Симка согласно кивнул, заглянул Егору в лицо. Свет лучины горел в его глазах, как в глубокой воде.
«Егорушка, а отчего я леший?»
— Никак, отец твой лешим был. Сам, чай, знаешь, мамка-то твоя не шибко разборчивая… Да ты не вовсе леший пока, тебе еще человечью жизнь надо дожить… хотя, может, и раньше возьмет тебя Государь. Государь-то, чай, рад-радехонек будет, когда ты в лес уйдешь, птичка-белка. Природный хранитель… охота в лес-то тебе?
Симка обхватил руками Егоркину шею, ткнулся лицом в рубаху, прижался накрепко — и сквозь жар желания сбежать на волю с нежданно найденным названным братом, Егор отчетливо услыхал отчаянную мысль:
«Я б рад, Егорушка, так бы рад, что вот прямо сейчас же босиком побежал бы, особливо — с тобой, да только нельзя мне. Мамка загорюет…»
Егорка закусил губу, ощутив эту трещину в Симкиной душе, рану, делящую душу пополам. Мамка загорюет, значит… С людьми вырос, так научился за них душой болеть, в ответе себя чувствуешь… Ну да. Я тебе того не скажу, но мамка-то твоя давно уж помереть аль спиться должна была. Она нынче за твой счет на свете живет. Своим теплом ее греешь, своей кровью поишь… Не за то ли, что вся Прогонная тебядурачком и приблудой зовет… Сколько ж Симкина душа еще выдержит, пока он не решится, как моя мама — босиком, в темный, холодный лес в октябре…
Будто отвечая его мыслям, вдалеке завыла собака. Егорка подавил судорожный вздох, задул лучину. Изба погрузилась во мрак.
«Чего ты?»
Егорка тронул в темноте Симкино плечо — и Симка тут же поймал его руку. Егорка тихонько рассмеялся, подтолкнул Симку на лавку, на ощупь укрыл тулупом.
— Чай, спать давно пора тебе… Завтра с утра поговорим еще. Все сговорим, успеем…
Симка хихикнул и зевнул, как котенок. Еще небольшое время Егорка слышал, как он возится, устраиваясь поудобнее, и обнимает свою кошку. Потом Симкино дыхание выровнялось — он спал.
Егорка несколько минут сидел рядом, слушая, как Симка тихонько дышит, как храпит Матрена, трыкает сверчок и шуршат в щелях между бревнами тараканы. Дождь стучал по кровле тяжело, горстями мелких камней, оттого в избе казалось теплее и уютней.

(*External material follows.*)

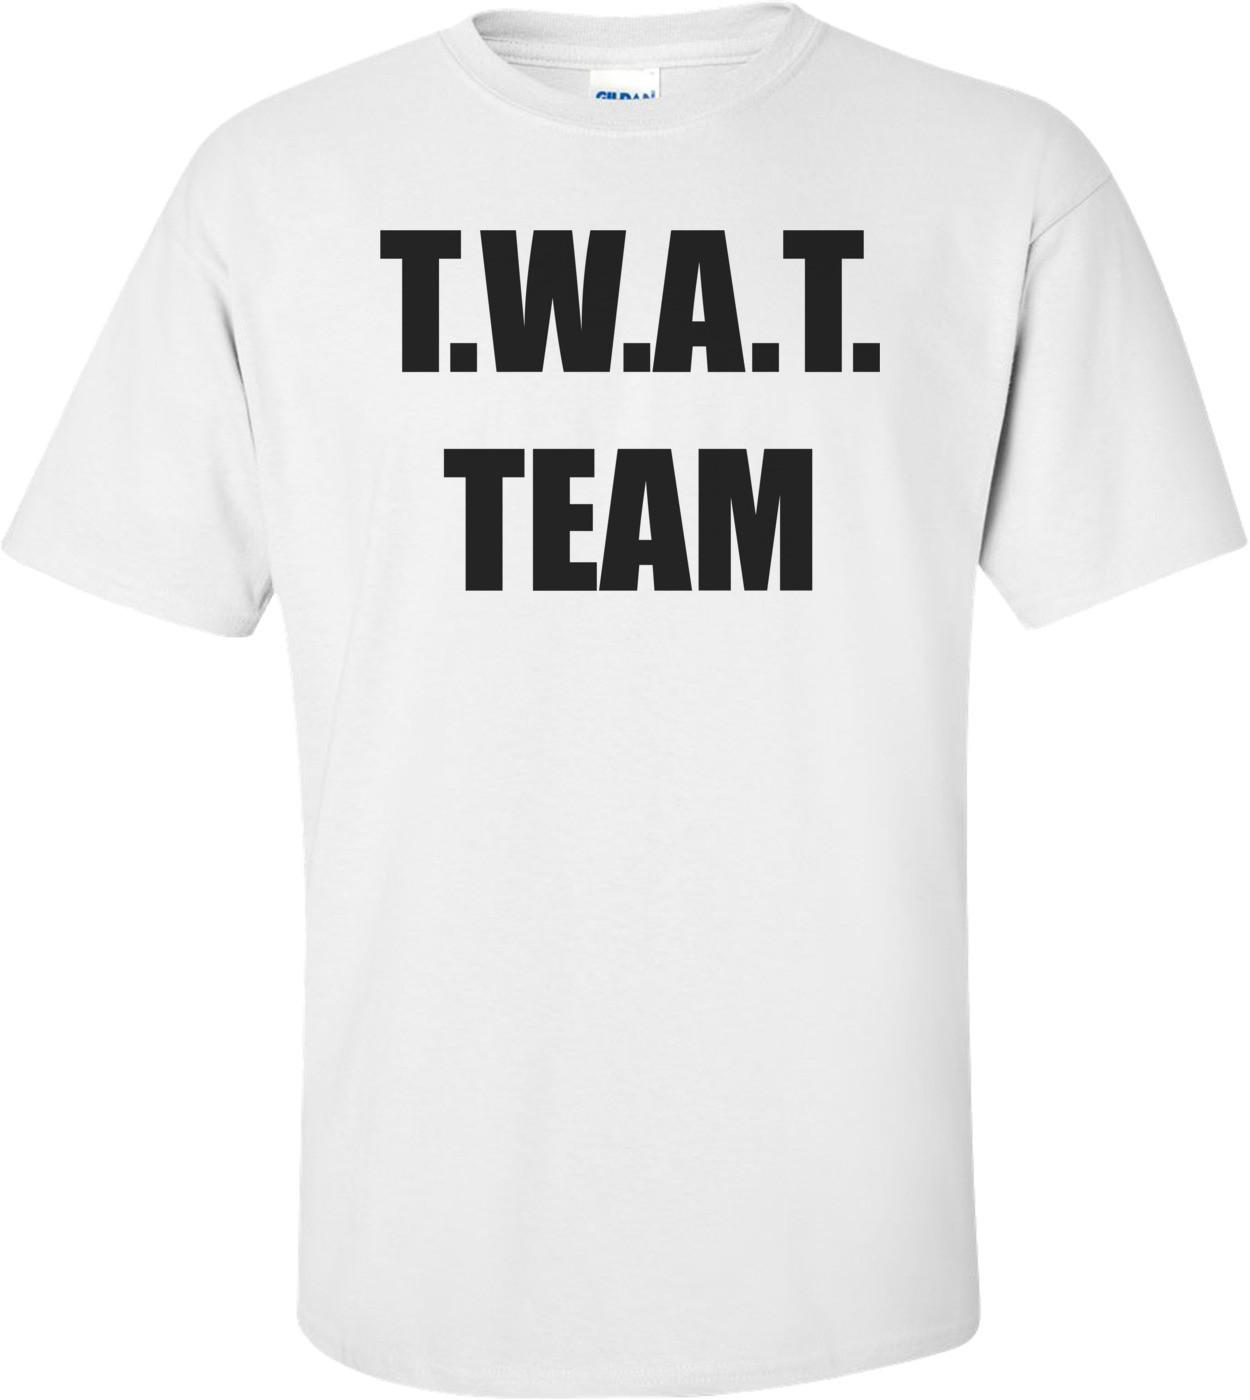 T.W.A.T. TEAM Shirt

Сонная полутишь убаюкала и Егора; он зевнул и уже хотел, было, пристроиться на другой лавке, у оконца — но тут зеленый рассеянный свет, еле заметный, чуть дрожащий, похожий на отблеск ивановых червячков[17] в августовской ночи, мелькнул за мокрым стеклом.
У Егора на миг замерло сердце. Зовут. Но что они могут делать здесь в эту пору?
Он тихонько поднялся, мягко и осторожно, прошел по избе мимо спящих, выскользнул в сени и распахнул дверь во двор, в мокрую темень.
Во дворе, у плетня, в зеленоватом мерцании стояла, кутаясь в шаль, неподвижная Марфа. Дождь хлестал ее, пряди волос текли с водой по лицу, но она их не убирала.
Егорка только и успел придержать дверь, чтоб не хлопнула. Подошел. По лицу Марфы понял — непоправимая беда.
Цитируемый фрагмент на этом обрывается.